1st off, when you plug it in to your mac, did a bluetooth icon show up in the menubar?  second, does targus say that the bluetooth adaptor is mac compatible?  also what version of the razr do you have ( apple's list is here ) , and did you make sure to turn the bluetooth on the phone on?


----------



## Mr_Strat (Jun 14, 2006)

Yes, yes, yes, yes.

The computer knows it's there and I get the icon in the menu bar. System Profiler sees it and I get the icon in System Preferences.
Targus says it's Mac compatible. I have the basic V3 from T-Mobile and BT was turned on on the phone.
Have tried it on 3 different Macs with no success, but it works with a PC (I washed my hands afterwards). Damned if I know what the problem is. I'll mess with it more tonight after work.


----------



## Mr_Strat (Jun 16, 2006)

I finally just said "screw it" and took it back to Staples. "Mike" in Targus' tech support in India recommended installing a 3-year old BT patch from Apple. I don't think so.
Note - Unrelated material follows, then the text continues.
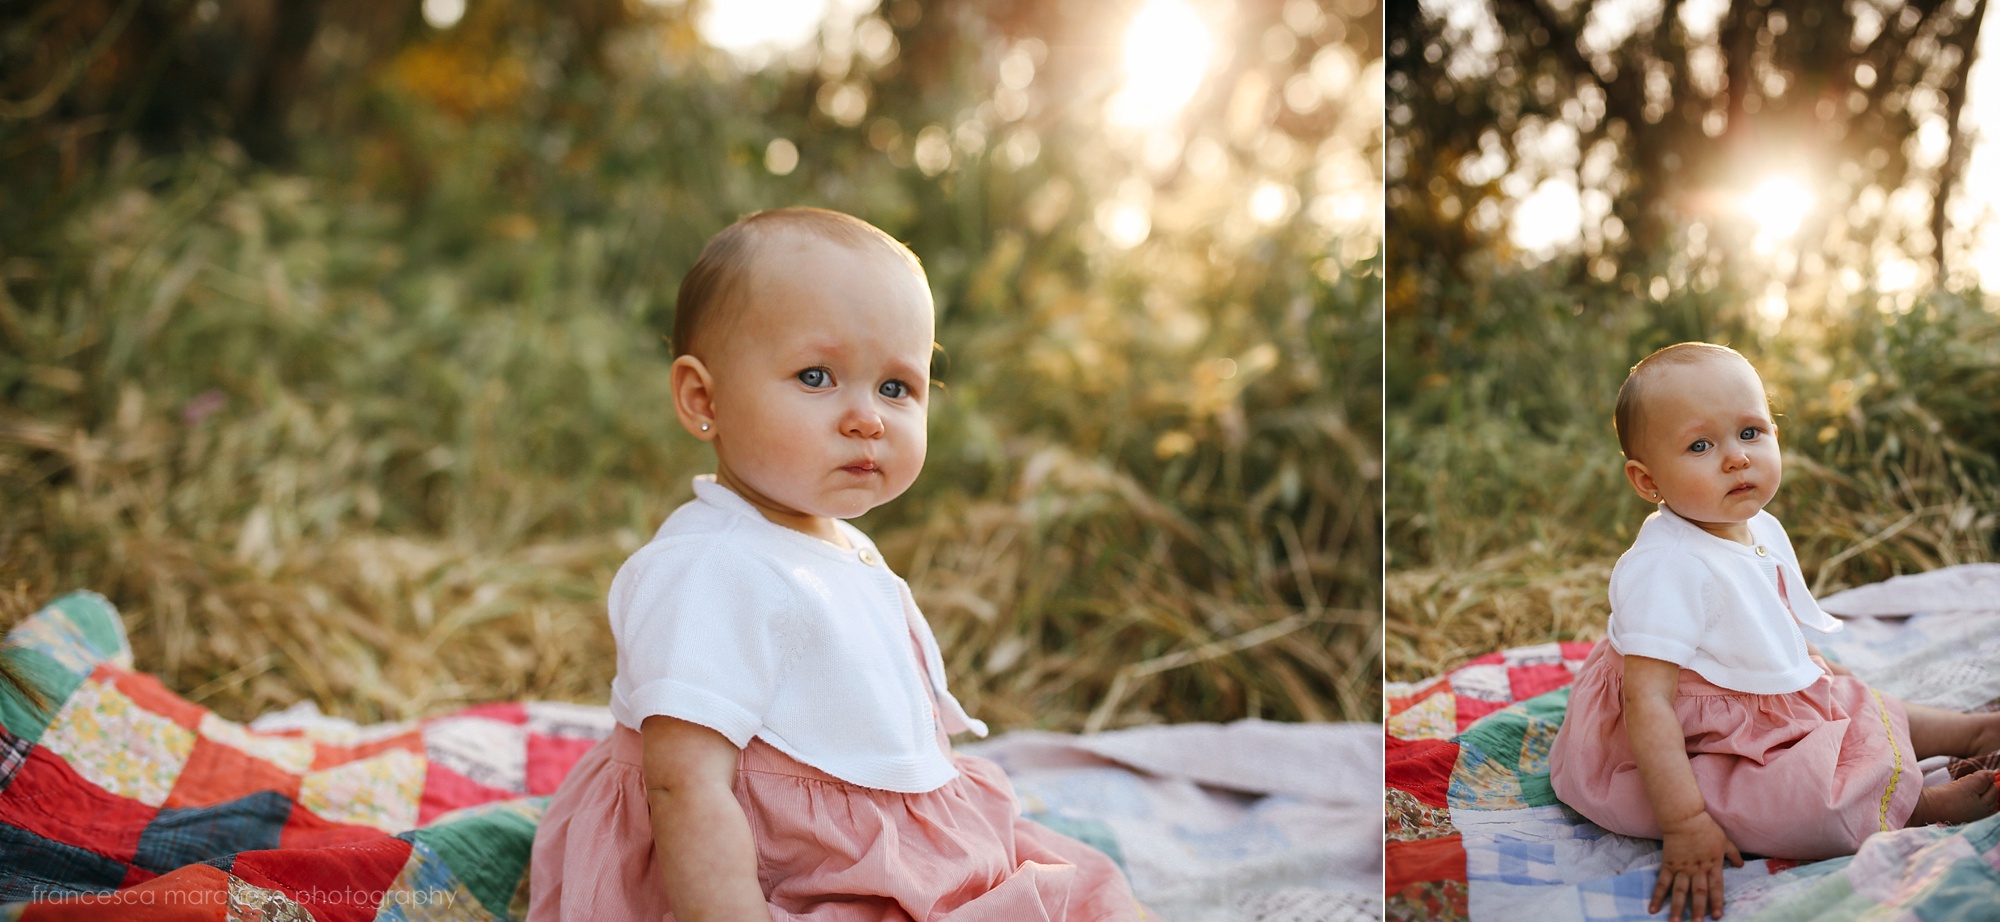 baby girl photo session Orange county child photographer Francesca Marchese Photography

I'll get a D-Link which I know will work.


----------



## sinclair_tm (Jun 16, 2006)

sounds like theres are compatibltiy issue with the mac and phone.  if all works on a pc and the mac see the adaptor and places a bluetooth icon in the menu bar, its not the adaptor.  but never know, let us know if the other adaptor worked.


----------